This conclusion can be reinforced by looking for a moment at the world of consumption to which the advertisements in the Affiches were tied, and comparing it to the English case considered earlier. The two were alike in important ways. In France as in England people at all social levels were buying and using more items of daily living, from plates, knives, forks, and furniture to textiles of all kinds, including curtains, rugs, underwear, shirts, and skirts. Especially in cities, life was becoming more comfortable, more varied in diet and dress, brighter, more civil and elegant, better provided with amusements, and for some more luxurious. In Paris the value of the clothing owned by people at their death mushroomed spectacularly during the century, tripling in the middle classes, quadrupling for domestic servants (whose wardrobe often included their employers’ cast-offs). The most attentive and insightful student of these changes, Daniel Roche, notes that they brought members of the urban working classes into the world of regular commercial consumption. In France as in England these developments were decried for creating breaches in the walls of social distinction, and in particular for the way they eliminated the visible signs of class and status cherished and even legislated in a frankly and self-consciously hierarchical social order. The Montpellier citizen referred to earlier bemoaned the way “the most vile artisans” in his city tried to live as the equals of people superior to them, spending and clothing themselves above their station. Like others, he saw such behavior as morally, not just socially, dangerous. It is this “increasingly materialistic, consumerist world” that Colin Jones sees represented in the Affiches, which therefore reveal “close links between the practices of commercial capitalism and the formation of the bourgeois public sphere.”35
All the same, the French world of consumption had features that distinguished it from the British one. One was its greater fragmentation. Fashions, tastes, and desires for goods spread from Paris to the provinces and from cities to the countryside, but often very slowly. Daniel Roche notes that a place such as Limoges was fifty years behind Paris both in turning to more colorful clothing and in adopting underwear, and that Brittany and Alsace trailed still farther in the rear.
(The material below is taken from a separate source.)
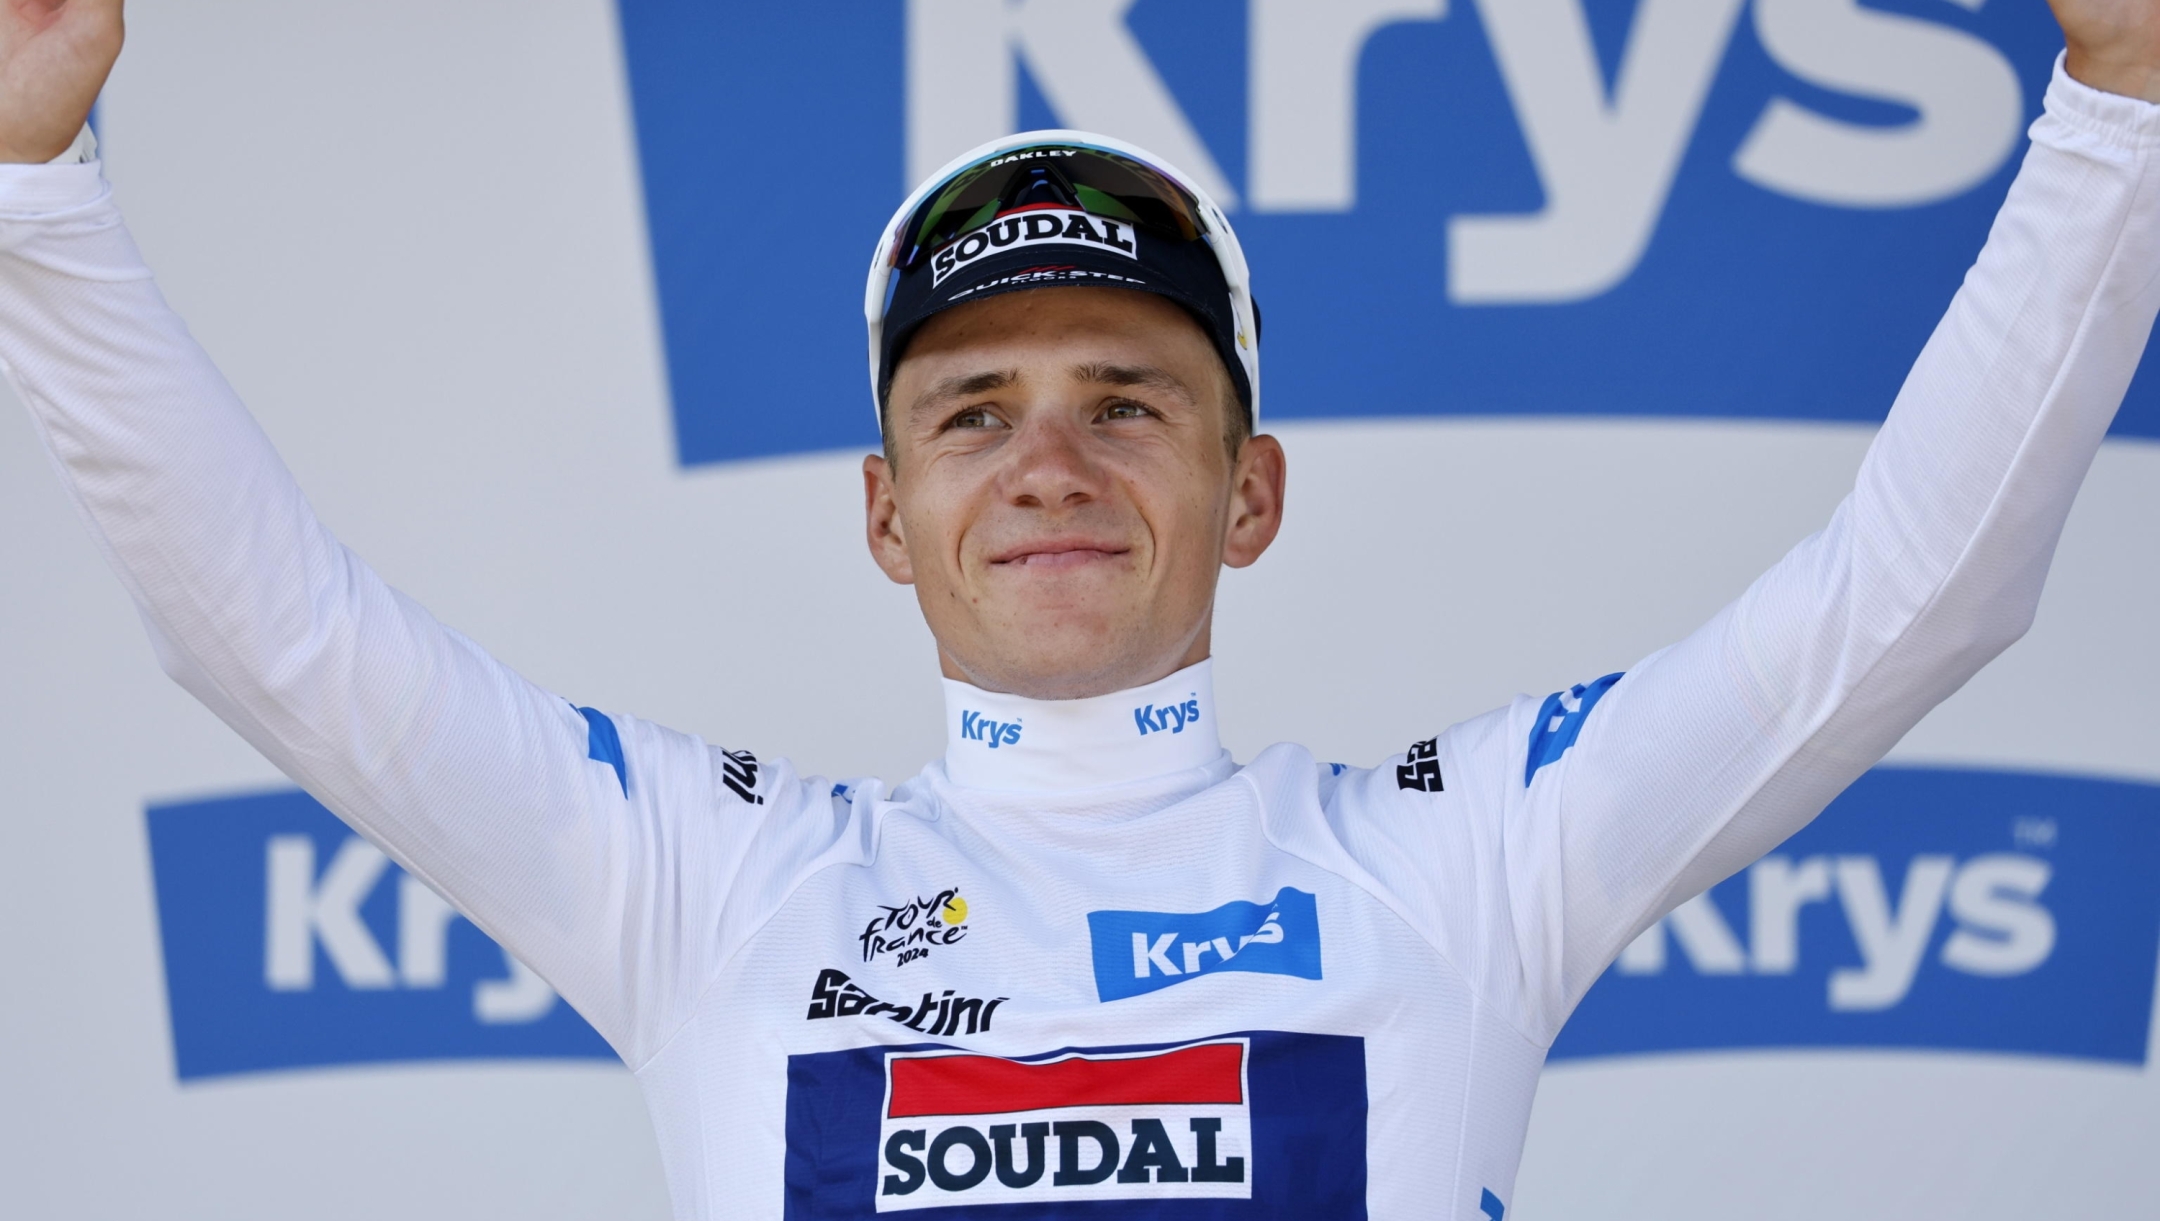 epa11483874 Belgian rider Remco Evenepoel of Soudal Quick-Step celebrates on the podium wearing the best young rider's white jersey following the end of the 17th stage of the 2024 Tour de France cycling race over 177km from Saint-Paul-Trois-Chateaux to Superdevoluy, France, 17 July 2024.  EPA/SEBASTIEN NOGIER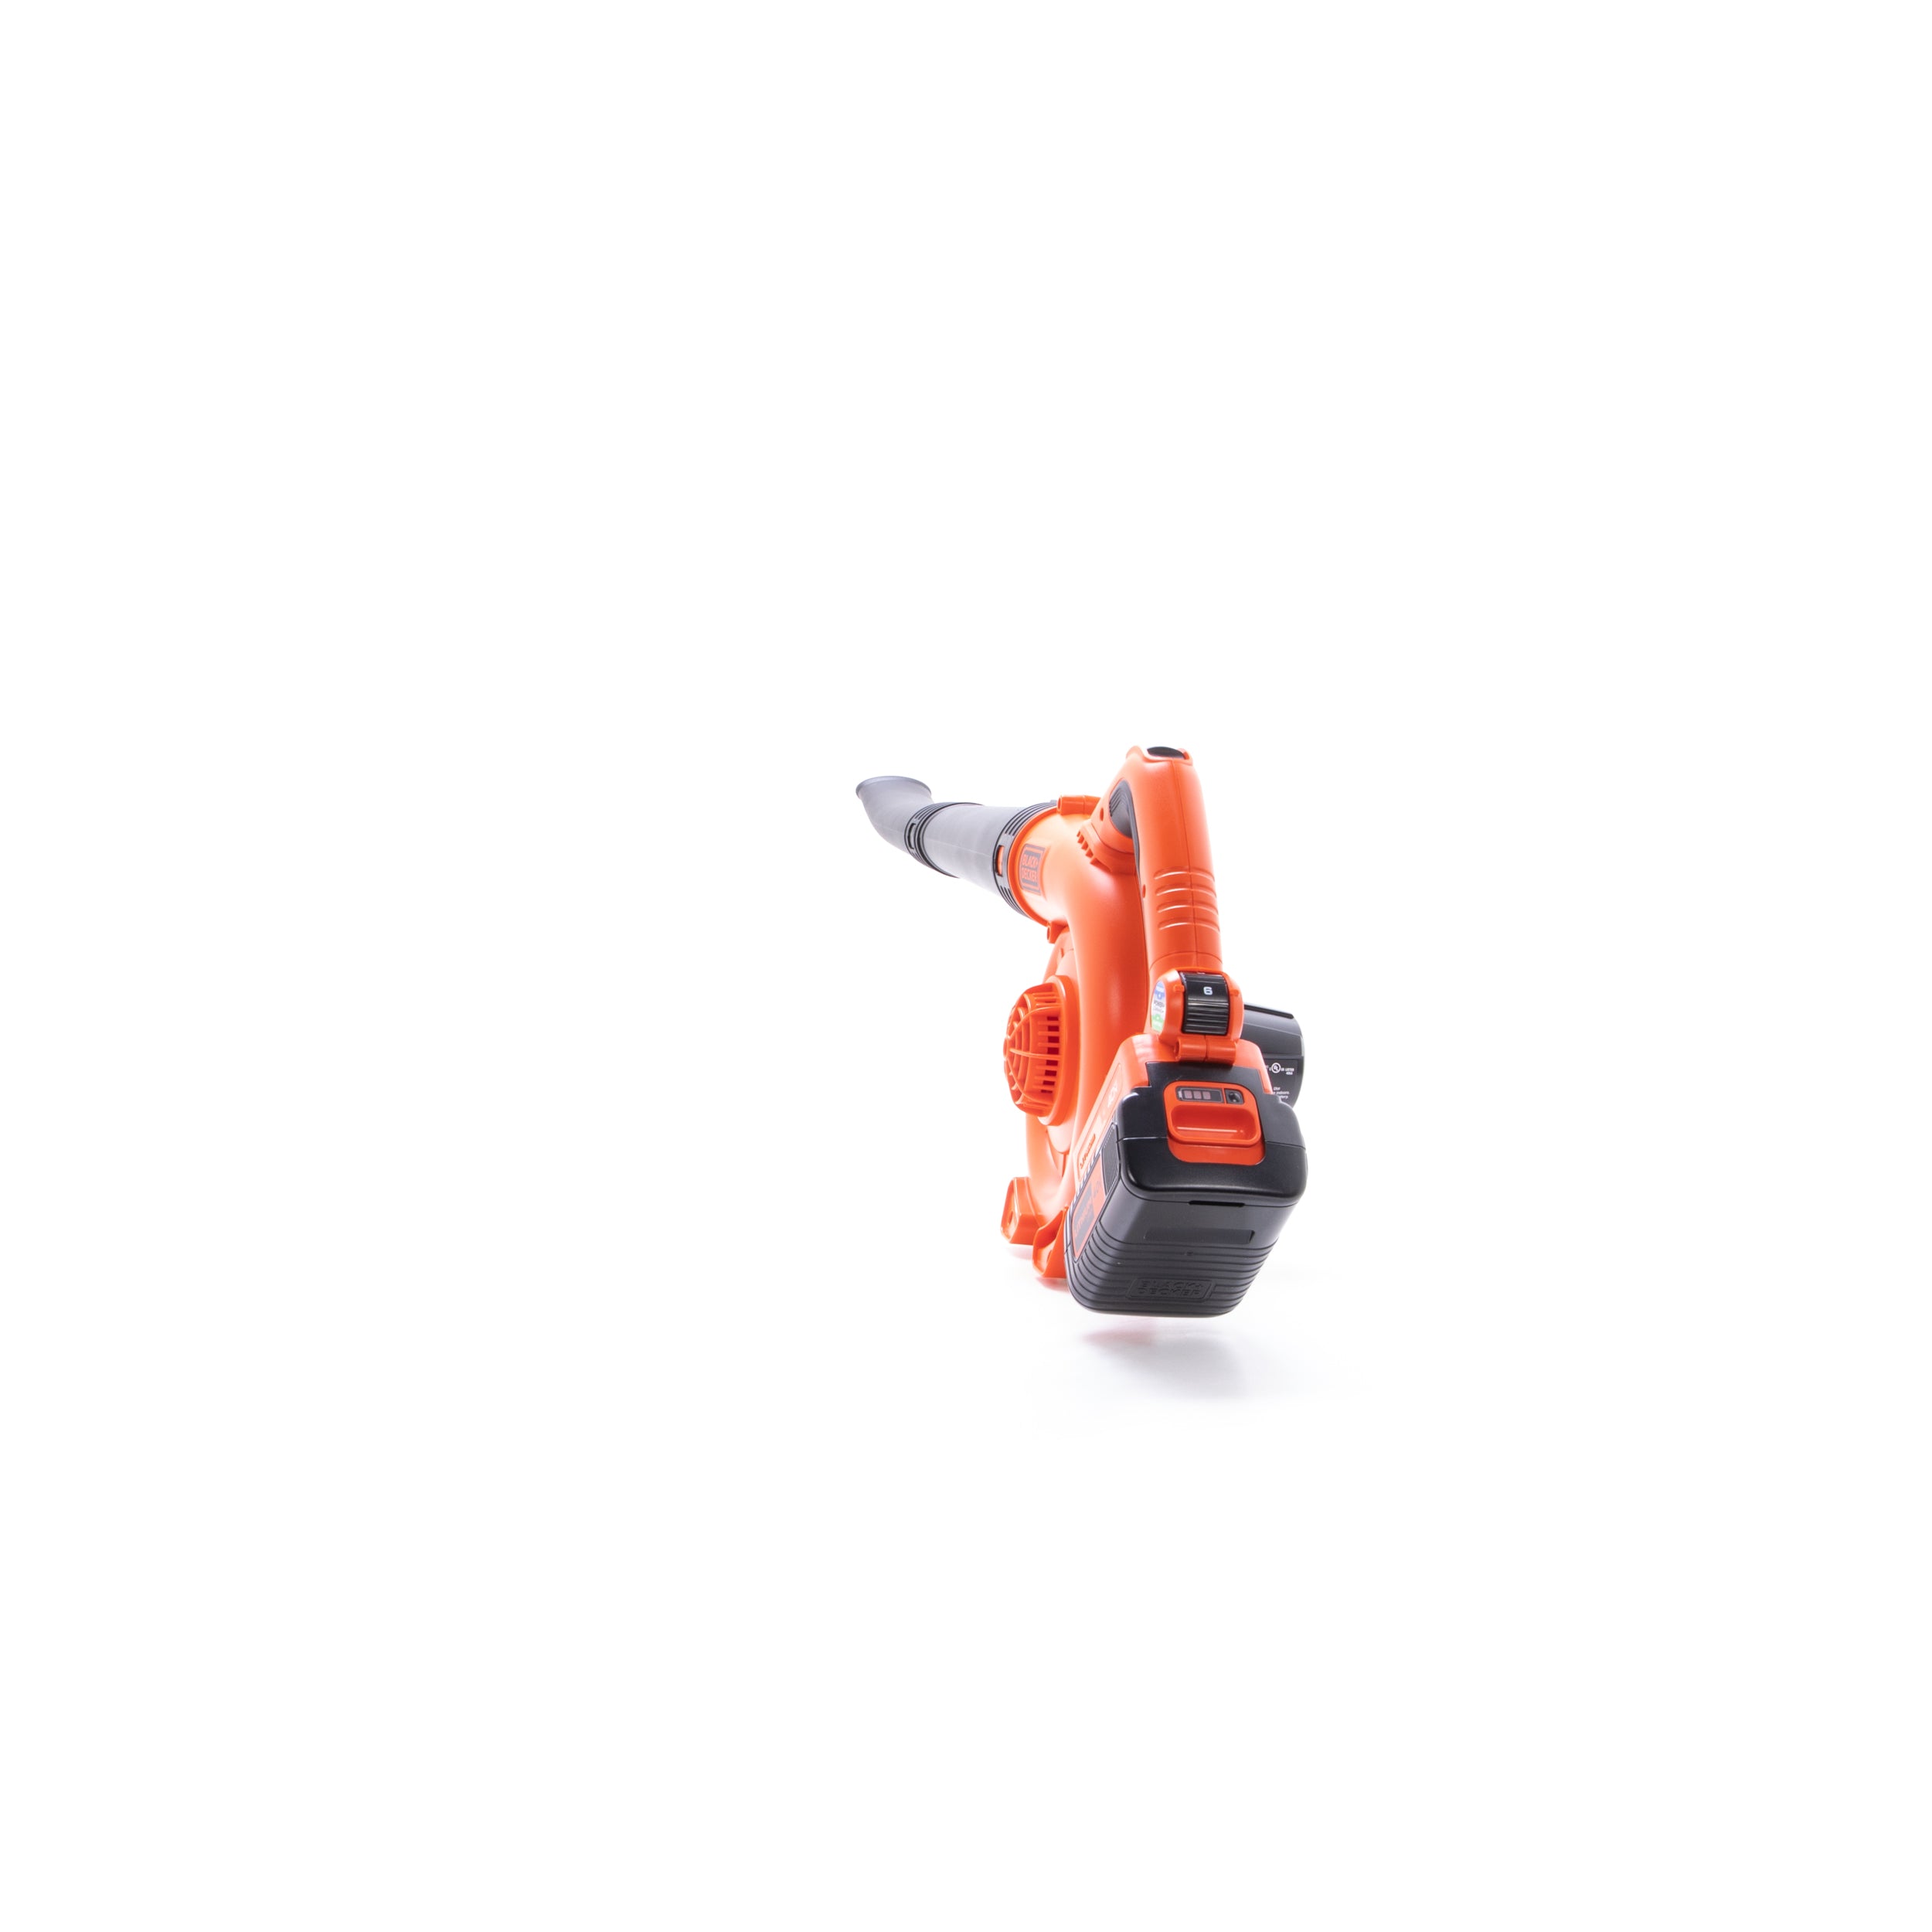 Black & Decker LSW36 40V Lithium Ion Cordless Sweeper,Tool Only 26x14x12

Given the lack of connection between regional road networks, this is not surprising. In some places the spread of the new consumption patterns followed on the work of the ponts et chaussées officials mentioned above; in Le Mans the opening of a new grande route made upper-class women customers for Paris fashions, followed later by more ordinary people.36 Certain considerations suggest that active marketing was less important than social imitation in diffusing demand for goods in France. Neil McKendrick points out that in England by late in the century the “fashion dolls” used to advertise new styles of clothing and solicit orders were being made cheaply and printed by the thousands, at a time when the French equivalents remained life-size and expensive.37
It is not wrong to associate the rising French interest in consumption goods with a society becoming more commercial and materialistic – more “bourgeois” in the ordinary sense – but the elites who led the way owed their wealth, much more than in England, to state employment. Administrative functions often contributed as much or more to urban growth than did economic ones: the expansion of Caen owed less to lace-making than to state officers and bureaucrats, and the quite rapid development of Dijon and Montpellier before the Revolution depended primarily on the increase in royal officials who worked there.38 In his invaluable book on cities and towns in the Old Regime, Bernard Lepetit pointed out that political economy before the nineteenth century regarded towns as economically important largely because of the mix of population they contained, and in particular because spending by their wealthiest inhabitants provided a stimulus to all forms of production and exchange; only after 1800 did writers such as Jean-Baptiste Say begin to theorize economic advance as a function of productive innovations, rather than attributing prosperity to the social emulation that town life promoted.39 “As the [eighteenth] century advanced,” Gwynne Lewis notes, “the increase in wealth of the top 5 percent of the population provided work for a legion of merchants, artisans and shopkeepers, all devoted to the task of gilding the lives and properties of the rich and the super-rich.” The persisting French orientation toward luxury production, in contrast to England, was grounded here. Paris was the great magnet for French consumption and fashion, and Daniel Roche points out that only a third of the city’s income, as calculated by Lavoisier in 1791, came from mercantile and agriculture activities; 20 percent derived from urban rents, and the rest, fully half, from the salaries, interest, and other payments that flowed out of the royal treasury.40 The expansion of French consumption was fed in good part by the very form of wealth mobilization that made financial intermediaries so important an element in the ancien régime bourgeoisie, and that made government employment a central feature in the more integrated quality of Parisian bourgeois existence visible by the end of the century.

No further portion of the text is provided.